I’ve been getting multiple exposure to Rails from different sources in an attempt to saturate my understanding. I’m going through the book, Agile Web Development with Rails 5, by Sam Ruby et al. Unfortunately my app doesn’t always behave according the author’s expectations. I recently had to just overwrite my files with the source files, which turned all my Haml files back to ERB. As I continued through the section on “Capturing an Order”, I first ran rake haml:replace_erbs. But when I finished updating my code per the tutorial and read, “We’re ready to play with our form. Add some stuff to your cart, and then click the Checkout button. You should see something like the following screenshot.” I saw this instead in my browser:

ActionController::UnknownFormat in StoreController#index
StoreController#index is missing a template for this request format and variant. request.formats: ["text/html"] request.variant: [] NOTE! For XHR/Ajax or API requests, this action would normally respond with 204 No Content: an empty white screen. Since you're loading it in a web browser, we assume that you expected to actually render a template, not nothing, so we're showing an error to be extra-clear. If you expect 204 No Content, carry on. That's what you'll get from an XHR or API request. Give it a shot.

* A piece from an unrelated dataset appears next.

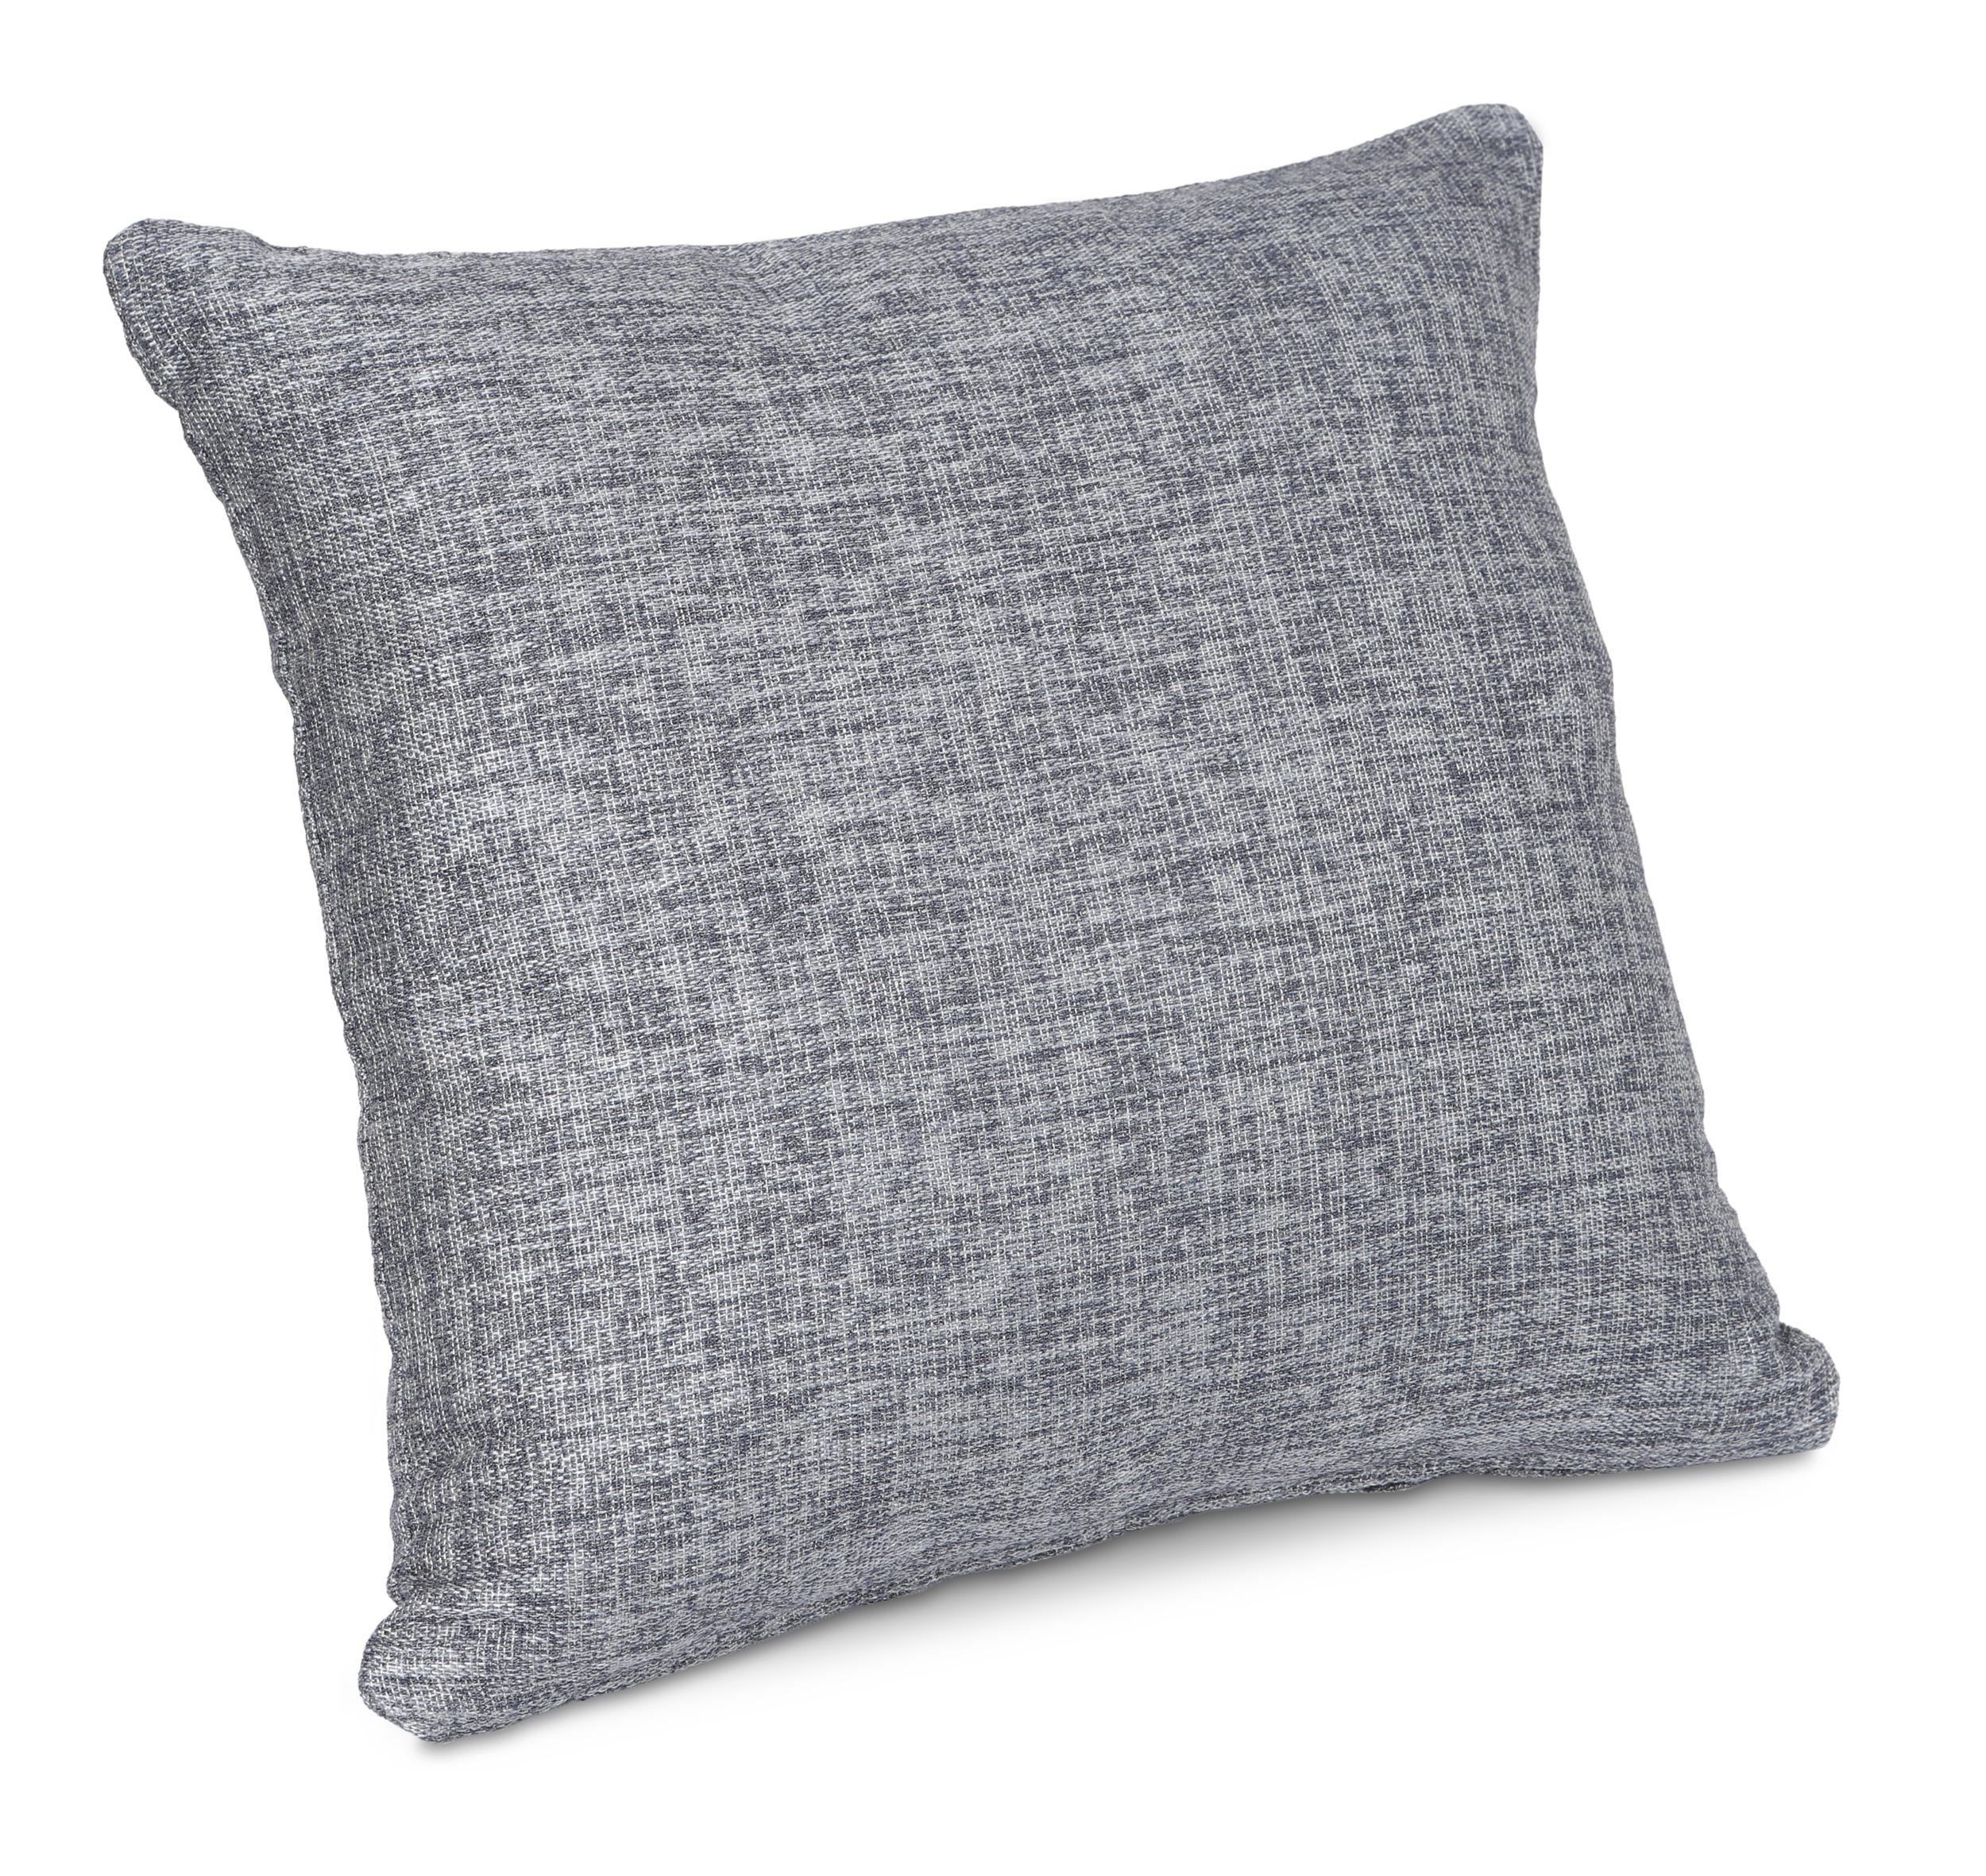 kissenh lle zierkissen dekokissen sofakissen cathrine 40x40 cm und 50x50 cm farbe w hlbar. Black Bedroom Furniture Sets. Home Design Ideas

All the Stack Overflow and tutorials suggested that I was missing the app/views/store/index.html.haml file, or that I needed to explicitly include in my store#index a respond_to block because of my terminal’s output:

Started GET "/" for ::1 at 2017-07-25 10:20:45 -0500
  ActiveRecord::SchemaMigration Load (0.3ms)  SELECT "schema_migrations".* FROM "schema_migrations"
Processing by StoreController#index as HTML
  Cart Load (0.2ms)  SELECT  "carts".* FROM "carts" WHERE "carts"."id" = ? LIMIT ?  [["id", 18], ["LIMIT", 1]]
Completed 406 Not Acceptable in 91ms (ActiveRecord: 0.6ms)

The respond_to suggestions were a good clue, though. I suspected that this was a Haml issue, so I changed my filename suffix back to .erb for the store/index, and here’s my browser’s output:

%p#notice= notice
%h1 Your Pragmatic Catalog
- cache @products do
  - @products.each do |product|
    - cache product do
      .entry
        = image_tag(product.image_url)
        %h3= product.title
        = sanitize(product.description)
        .price_line
          %span.price= number_to_currency(product.price)
          = button_to 'Add to Cart', line_items_path(product_id: product), remote: true

So it literally spit out the Haml code. Good— I just concluded that Rails wasn’t rendering my Haml file. So what’s the complicated fix? I needed to add gem 'haml' to my Gemfile. I like these exercises in playing detective; it helps me not take the error messages literally, but instead better understand how they were generated in the first place.